Но, чтобы сохранять теории таким образом, нужно ограничить область их применения теми явлениями и такой точностью наблюдения, с которой уже имеющиеся эксперименты имеют дело[101]. Если возникает искушение сделать ещё дальше хотя бы один шаг (а его вряд ли можно избежать, коль скоро первый шаг уже сделан), то такое ограничение запрещает учёному говорить в «научном» плане о любых явлениях, ещё не наблюдавшихся. Даже в современных формах ограничение не позволяет учёному в своём исследовании полагаться на теорию, когда это исследование раскрывает новую область или стремится достигнуть степени точности, беспрецедентной для предшествующего применения теории. Такие запреты логически исключить невозможно.

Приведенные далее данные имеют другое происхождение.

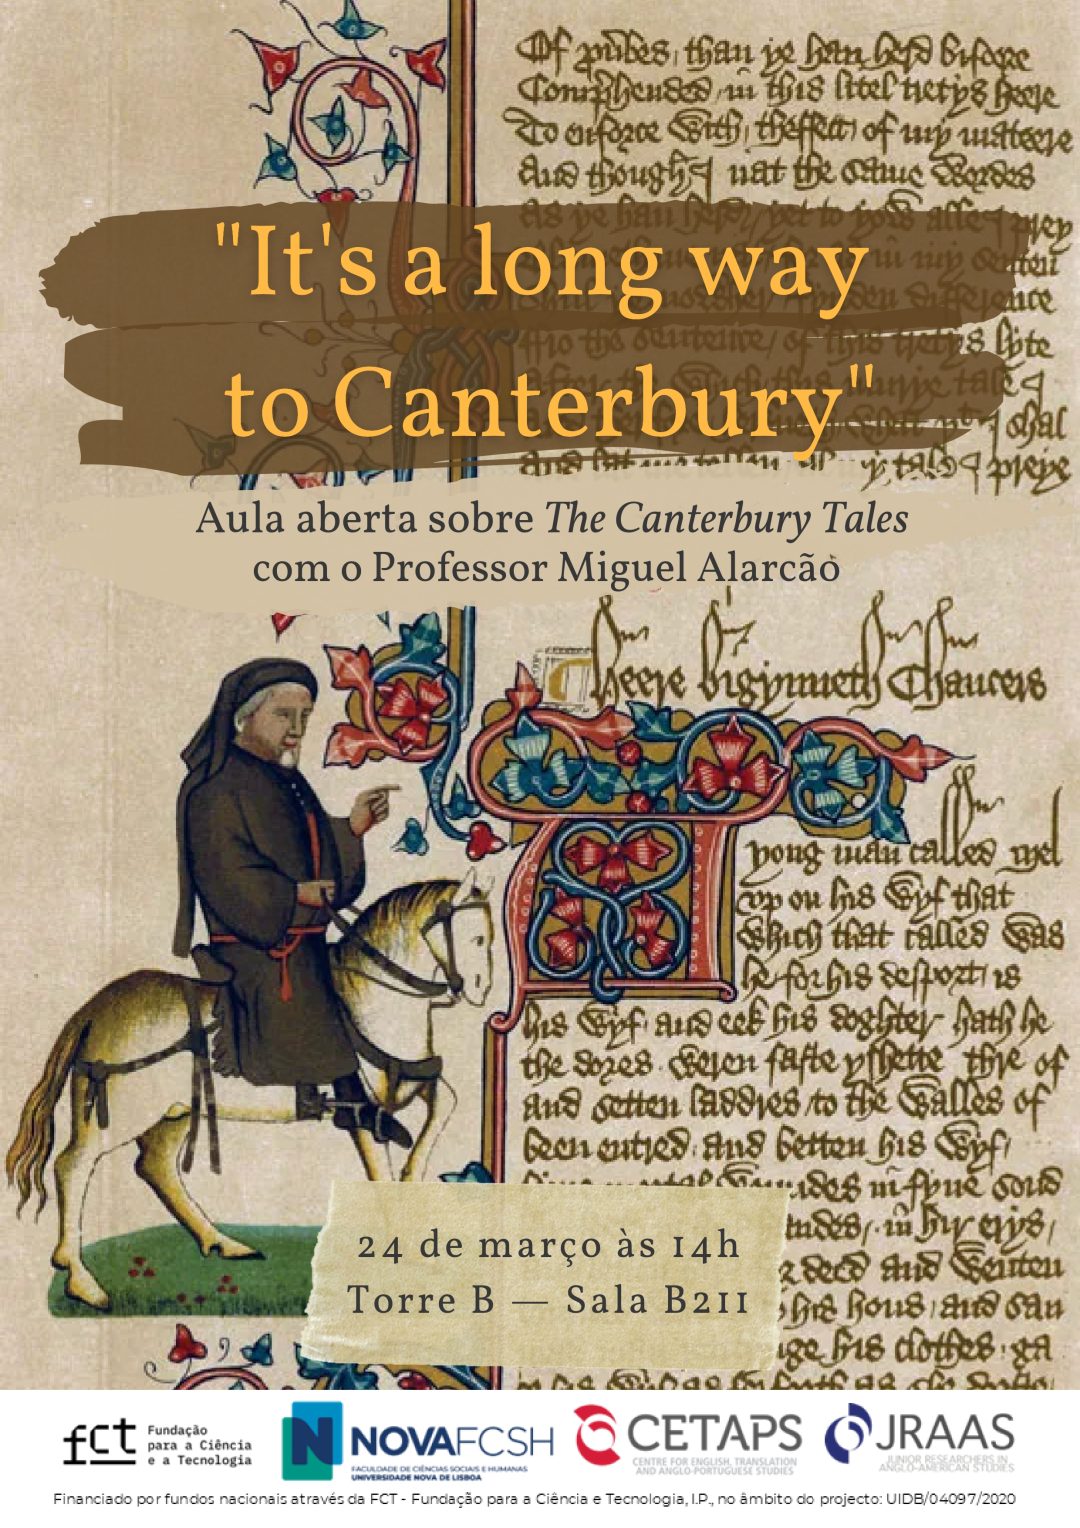 “It’s a long way to Canterbury”

Но в результате их принятия должно быть прекращено исследование, двигающее науку дальше.

В сущности, этот вопрос до настоящего времени был тавтологичен. Без предписаний парадигмы не может быть никакой нормальной науки. Больше того, предписание должно простираться на такие области и уровни точности, для которых нет полного прецедента. Если это не так, то парадигма не сможет предложить ни одной головоломки, которая до сих пор не была решена. Кроме того, не только нормальная наука зависит от предписаний, исходящих от парадигмы. Если теория ограничивает учёного только существующими приложениями, тогда не может быть никаких неожиданностей, аномалий или кризисов. Однако они являются вехами, которые указывают путь к экстраординарной науке. Если позитивистские ограничения, накладываемые на правомерные приложения теории, рассматривать буквально, то механизм, который подсказывает научному сообществу, какие проблемы могут привести к фундаментальным изменениям, должен прекратить действие. А если это случится, сообщество неминуемо вернётся к состоянию, во многом сходному с допарадигмальным, когда все его члены будут заниматься наукой, но совокупный результат их усилий едва ли будет иметь сходство с наукой вообще. Стоит ли удивляться тому, что значительные научные успехи достигаются лишь ценой принятия предписания, которое отнюдь не является непогрешимым?

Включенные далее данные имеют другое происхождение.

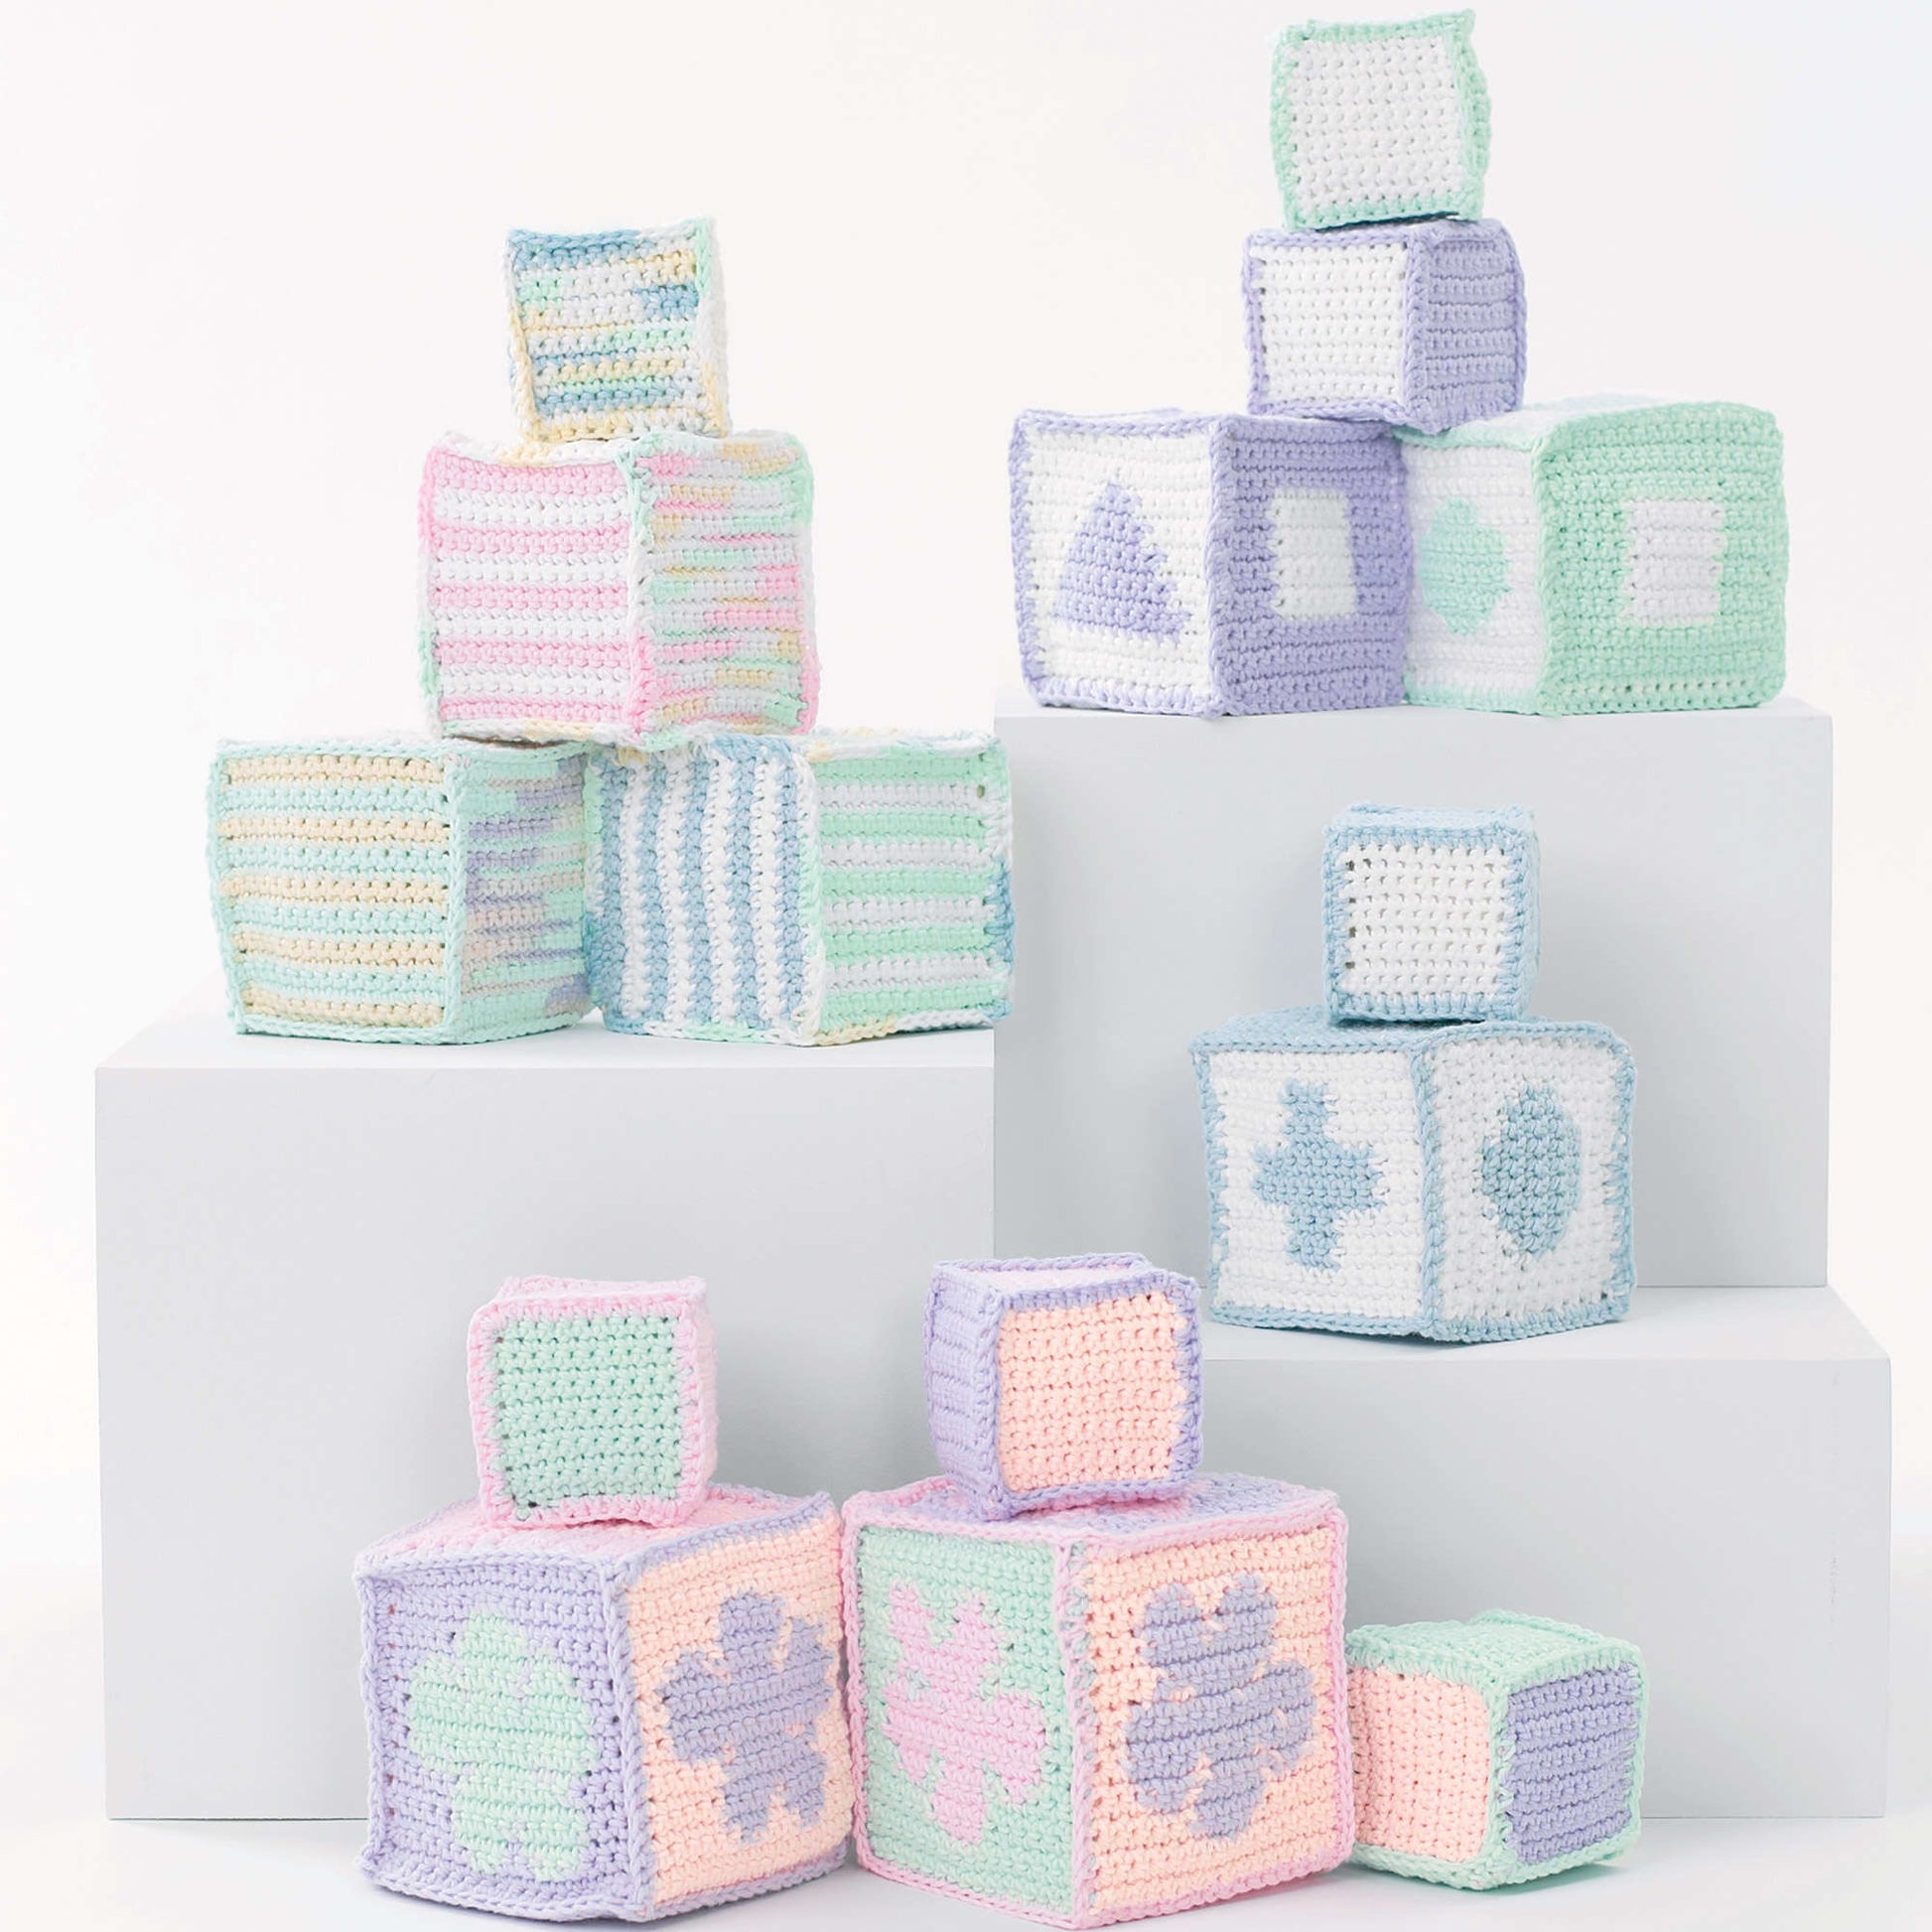 Free Lily Sugar'n Cream Baby's Blocks Crochet Pattern

Ещё более важно то, что в аргументации позитивистов есть логический пробел, который немедленно возвращает нас к вопросу о природе революционного изменения в науке. Можно ли в самом деле динамику Ньютона вывести из релятивистской динамики? На что похоже такое выведение? Представим ряд предложений E1, E2, ..., En которые воплощают в себе законы теории относительности. Эти предложения содержат переменные и параметры, отображающие пространственные координаты, время, массу покоя и т. д. Из них с помощью аппарата логики и математики дедуцируется ещё один ряд предложений, включая некоторые предложения, которые могут быть проверены наблюдением. Чтобы доказать адекватность ньютоновской механики как частного случая, мы должны присоединить к предложениям Ei дополнительные предложения типа (v/c)2<<1, ограничив тем самым область переменных и параметров. Этот расширенный ряд предложений преобразуется затем так, чтобы получить новую серию N1, N2, ..., Nm, которые тождественны по форме с ньютоновскими законами движения, законом тяготения и т. д. Очевидно, что ньютоновская динамика выводится из динамики Эйнштейна при соблюдении нескольких ограничивающих условий.

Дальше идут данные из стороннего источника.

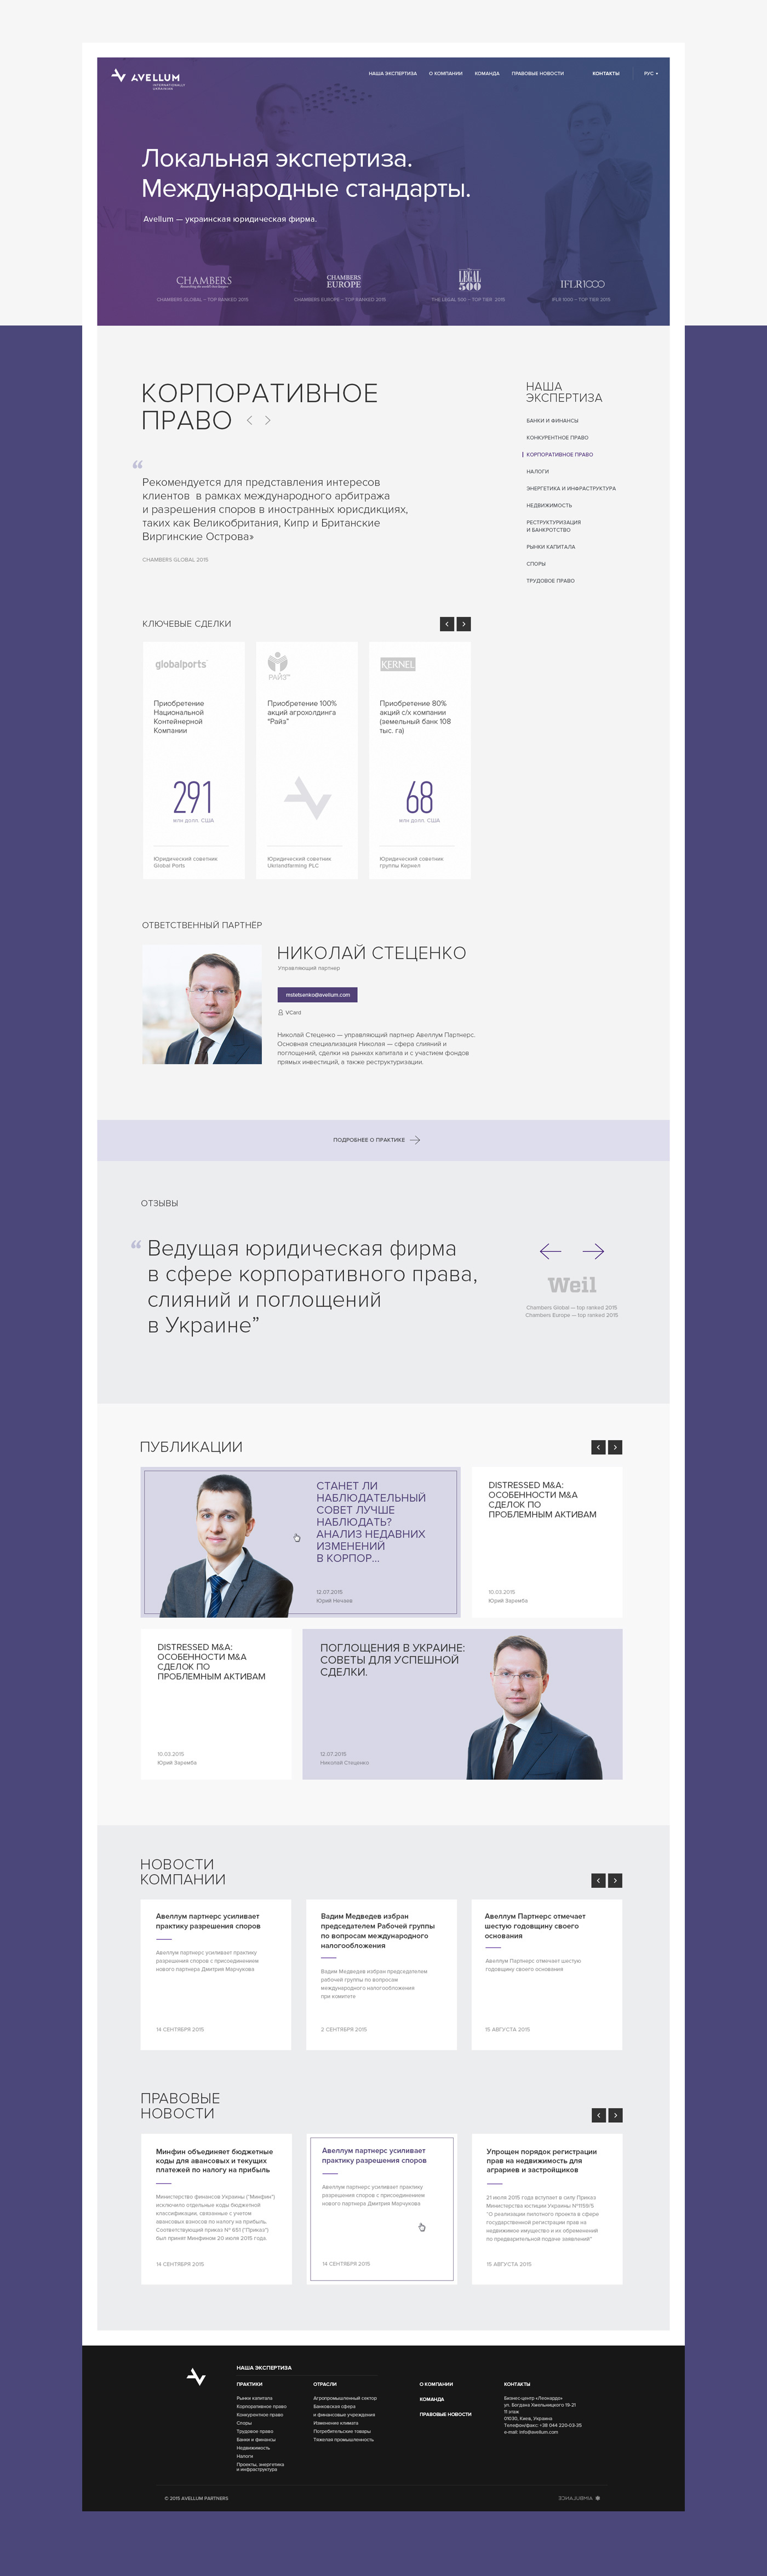 aimbulance Avellum law expertise finance legal Webdesign Responsive mobile transaction ukraine Website

Тем не менее такое выведение представляет собой передержку, по крайней мере в следующем. Хотя предложения Ni являются специальным случаем законов релятивистской механики, всё же они не являются законами Ньютона. Или по крайней мере они не являются таковыми, если не интерпретируются заново способом, который стал возможным после работ Эйнштейна. Переменные и параметры, которые в серии предложений Ei, представляющей теорию Эйнштейна, обозначают пространственные координаты, время, массу и т. д., все также содержатся в Ni, но они всё-таки представляют эйнштейновское пространство, массу и время. Однако физическое содержание эйнштейновских понятий никоим образом не тождественно со значением ньютоновских понятий, хотя и называются они одинаково. (Ньютоновская масса сохраняется, эйнштейновская может превращаться в энергию. Только при низких относительных скоростях обе величины могут быть измерены одним и тем же способом, но даже тогда они не могут быть представлены одинаково.) Если мы не изменим определения переменных в Ni, то предложения, которые мы вывели, не являются ньютоновскими. Если мы изменим их, то мы не сможем, строго говоря, сказать, что вывели законы Ньютона, по крайней мере в любом общепринятом в настоящее время смысле понятия выведения. Конечно, приведённая выше аргументация объясняет, почему законы Ньютона казались пригодными для работы. Она объясняет, допустим, поведение водителя автомашины, который поступал так, как если бы он находился в ньютоновском мире. Аргументация аналогичного типа использовалась для того, чтобы обосновать преподавание геоцентрической астрономии топографам. Но аргументация не доказывает того, на что она была нацелена. Иными словами, она не доказывает, что законы Ньютона являются предельным случаем эйнштейновских. Ибо при переходе к пределу изменяются не только формы законов. Одновременно мы должны изменить фундаментальные структурные элементы, из которых состоит универсум и которые к нему применяются.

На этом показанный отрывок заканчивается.